Wednesday July 2nd 2008, Author: Lisa Ratcliff, Location: United Kingdom
Today was the day Wot Rocket pilot Sean Langman and wing man Martin Thompson were going to ‘fly’ but the opportunity was blown out of the water following a delay getting off the beach at Kurnell in Sydney’s southeast.

With 30 knot nor’westerly gusts hurtling across Botany Bay and a building sea, the support team had plenty on trying to hold the 9m sail boat/plane head to wind as it bucked and reared, the breeze under the hull lifting the whole thing skywards.

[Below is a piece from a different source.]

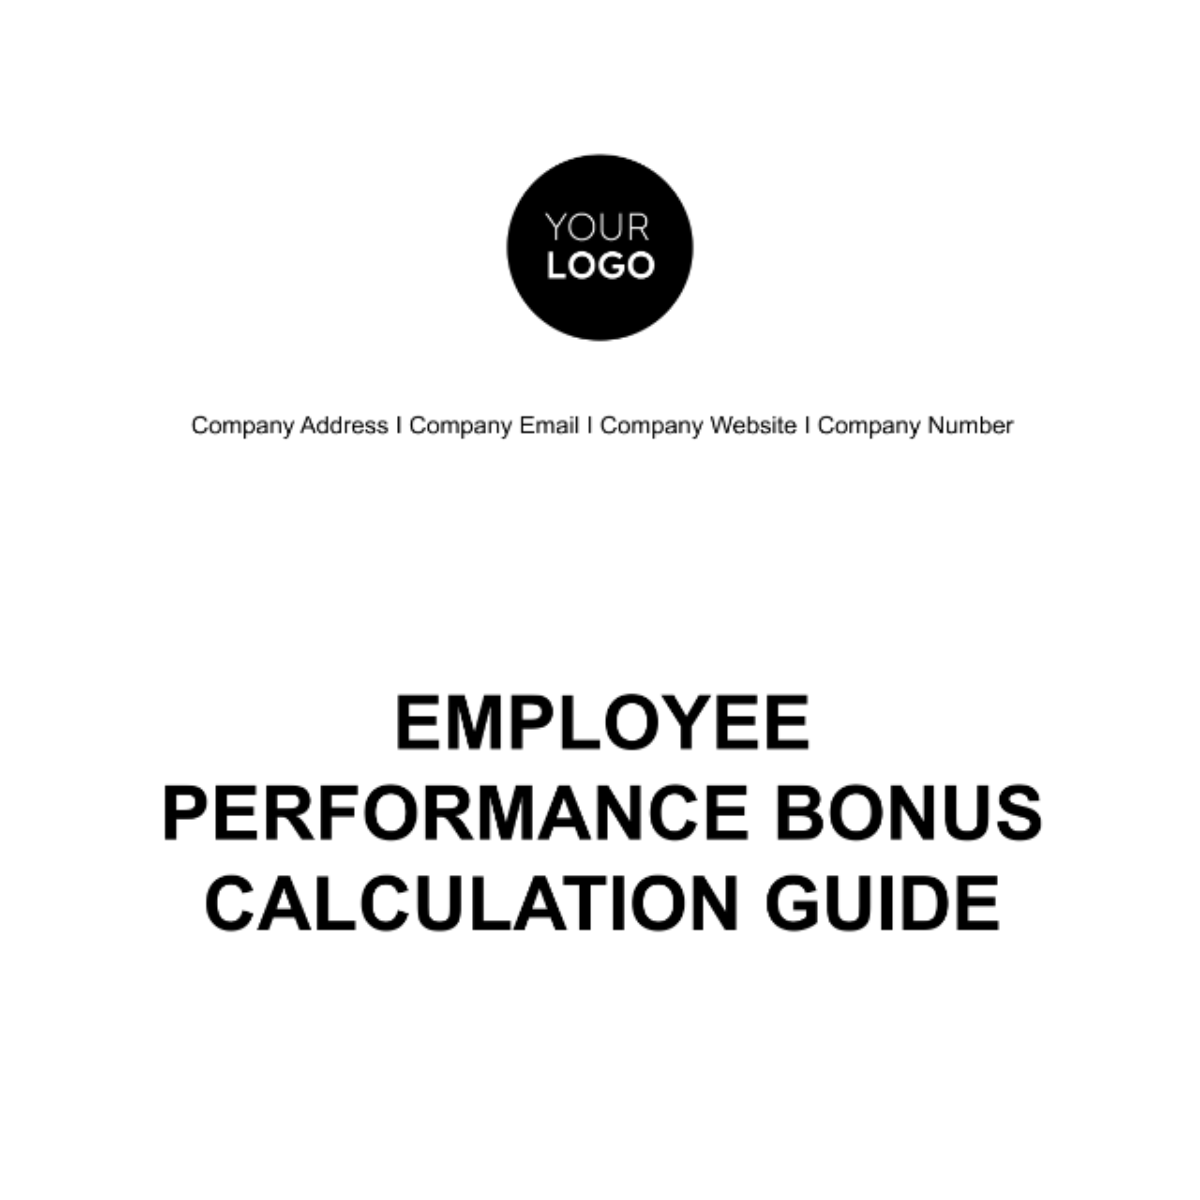 Employee Performance Bonus Calculation Guide HR Template
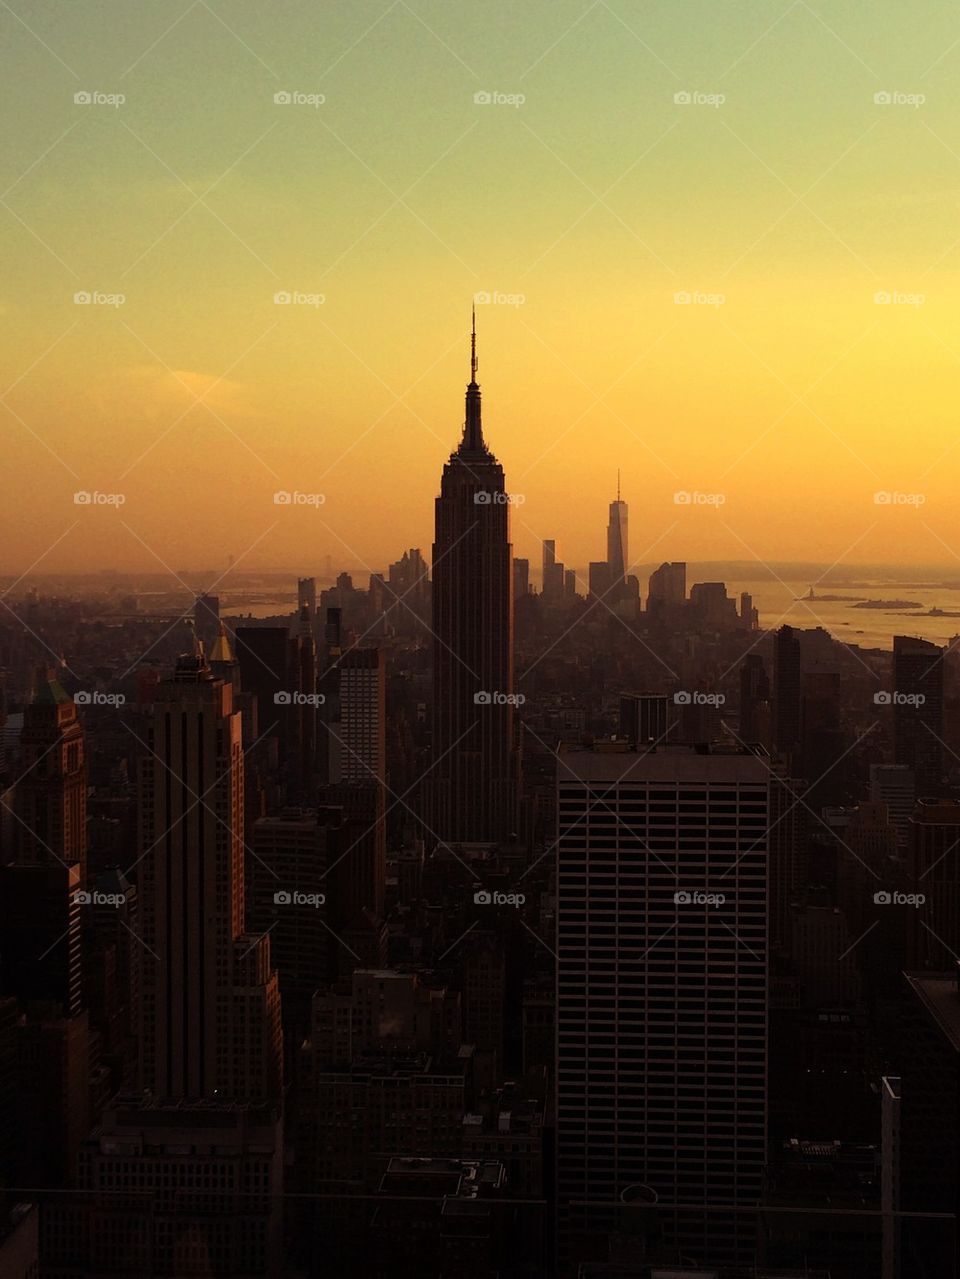 New York city at twilight

Earlier, as the wind hovered at the 22-25 knot mark, Langman and Thompson decided to give it a crack but as the media gathered for the much anticipated first shot of Wot Rocket up on its hydrofoils, the breeze hit the high 20s and the test sail was abandoned.

With his father Peter down from Queensland, son, Peter junior, support team and a handful of die hard spectators braving the windswept beach, it was a disappointing end to the day for Langman but he’s ever philosophical: “we all want the thrill but it’s not a setback, it’s all about inching closer toward the goal”.

Wot Rocket’s notice of intention to make an attempt on the 500m world speed sailing record has now been lodged with the World Sailing Speed Record Council in the UK.

The Aussie mavericks are hoping the Council will approve the use of a Trimble GPS receiver, which will record their speed, by the end of the week and once they have the green light, two Speed Council representatives will be on standby for 28 days, the window allocated for an official attempt, to check the GPS’s calibration and ratify the time should Wot Rocket smash through the current record of 49.09 knots.

Thanks to a diet of “emotional stress” Langman has intentionally dropped three kilos. Other luxuries like water bottle holders have also been removed from Wot Rocket’s pod, shaving precious grams off the overall weight.

With Wot Rocket heading back to the workshop for further modifications, including additional bulkheads, the next test sail, which may become the first official attempt depending on the Council’s advice, is scheduled for next week.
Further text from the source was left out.